One study [26] utilised US to predict axillary lymph-node burden in breast cancer, and the multivariate analysis demonstrated that having ≥ 3 abnormal lymph nodes was an independent influencing factor for HNB (OR = 18.385, 95% CI = 7.315–46.205, p < 0.05). Another study [27] utilised MRI to predict axillary lymph-node burden in breast cancer, and the multivariate analysis demonstrated that only vascular volume was an independent influencing factor for HNB (OR = 1.33, 95% CI = 1.03–1.67, p = 0.008). The findings of our study demonstrated a close relationship between positive axillary lymph nodes on US and axillary lymph-node metastatic burden.
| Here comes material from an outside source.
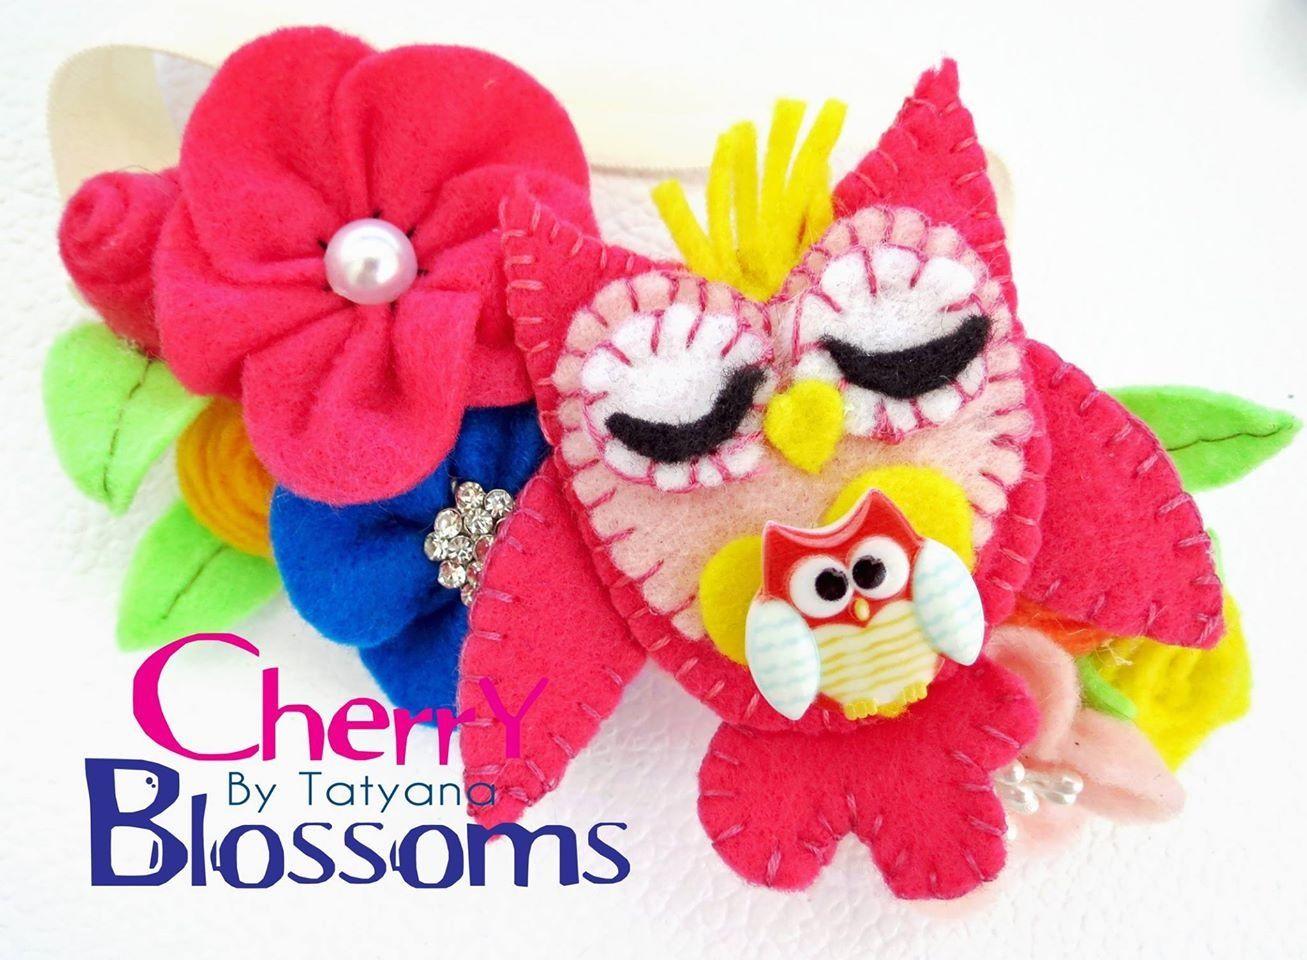 Owl headband made by Cherry blossoms by Tatyana

The US lymph-node positivity rate in the HNB group was significantly higher than that in the LNB group (χ2 = 19.867, p < 0.001), which was consistent with previous findings [28]. The PET lymph-node positivity rate in the HNB group was significantly higher than that in the LNB group (χ2 = 33.025, p < 0.001), which was consistent with previous findings [29].

Previous research has shown a stronger association between axillary lymph-node burden and imaging features [30]. In the current study, US lymph-node positivity, PET lymph-node positivity, and PET-based radiomics were all medical imaging features closely related to axillary lymph-node burden (p < 0.05), whereas other clinical pathological features showed no significant correlation, which was consistent with previous findings.
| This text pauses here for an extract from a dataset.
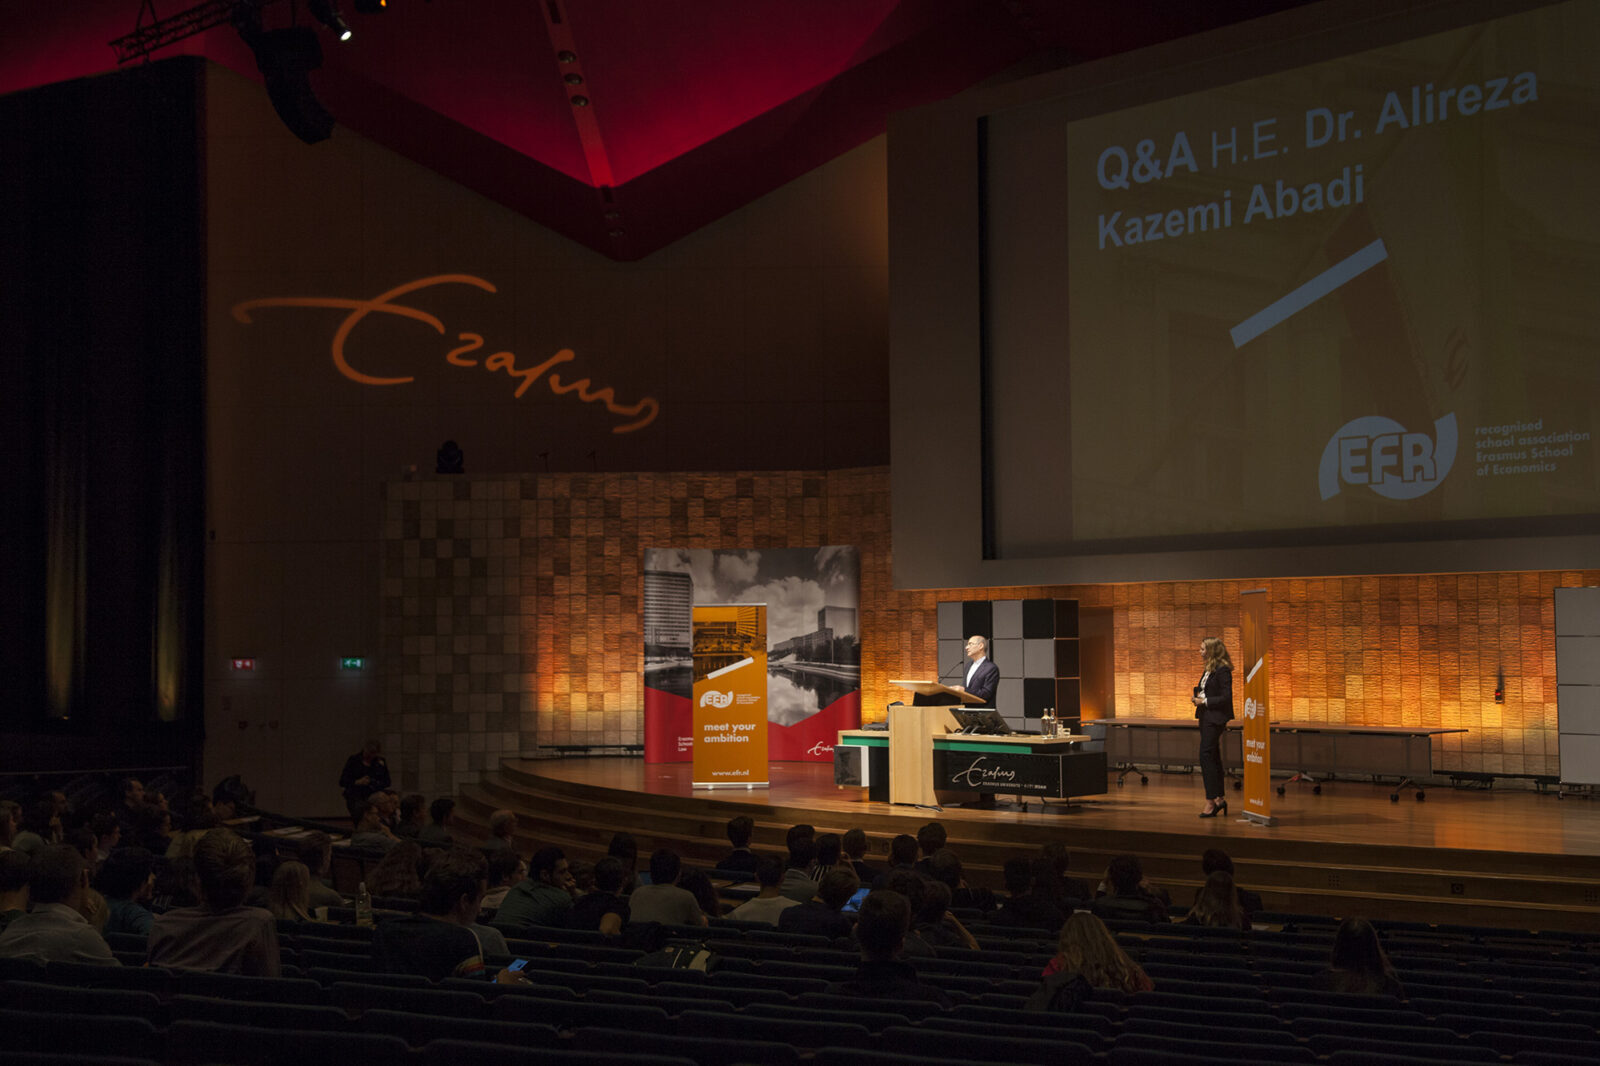 iran-ambassadeur-kazem-abadi-irandeal-Internationale-Economie-aula-foto-Amber-Leijen-8-1600×1066

Our previous study [25] revealed a statistically significant difference in the PET-based RS predicting axillary lymph-node metastasis between the positive and negative groups. In this study, there was a statistically significant difference in the PET-based RS predicting axillary lymph-node burden between the HNB group and the LNB group (-1.04 ± 0.41 vs. -1.47 ± 0.41, t = -4.775, p < 0.001). The findings of this study indicated that US lymph-node positivity, PET lymph-node positivity, and RS were all independent influencing factors for HNB. The AUC of the MultiP model was 0.895, superior to those of US_LNM, PET_LNM, and RS models (AUC = 0.703, 0.814, 0.773, respectively), with statistically significant differences (Z = 2.888, 3.208, 3.804, respectively; p = 0.004, 0.002, < 0.001, respectively). Decision curve analysis indicated that the MultiP model provided higher net benefit for all patients.

It has been indicated [31] that the number of axillary lymph-node metastases is associated with the SUVmax of breast cancer nodules (r = 0.645, p < 0.001). However, in this study, there was no significant correlation between axillary lymph-node burden and SUVmax. Another study suggested [32] an association between Ki67 and axillary lymph-node burden in breast cancer. However, in our study, the aforementioned factor showed no significant correlation with axillary lymph-node burden. A previous study [33] revealed that among different molecular subtypes of breast cancer, there was a higher likelihood of LNB in triple-negative breast cancer. However, the current study did not find a correlation between the molecular subtypes of breast cancer and the lymph-node burden possibly because of differences in patient inclusion/exclusion criteria.

This study had limitations. Firstly, it was a single-centre retrospective study, which could have introduced selection bias. Second, patients with bilateral, multifocal, and occult lesions were excluded. Third, owing to the limited amount of data, only internal validation was conducted, and expansion of data is necessary for further external validation.

Conclusion

The multivariate model constructed based on 18F-FDG PET/CT-based radiomics in combination with US and clinical pathological features exhibited excellent predictive performance for axillary lymph-node metastatic burden in breast cancer and can serve as a reference tool for individualised precision treatment decision-making in clinical practice.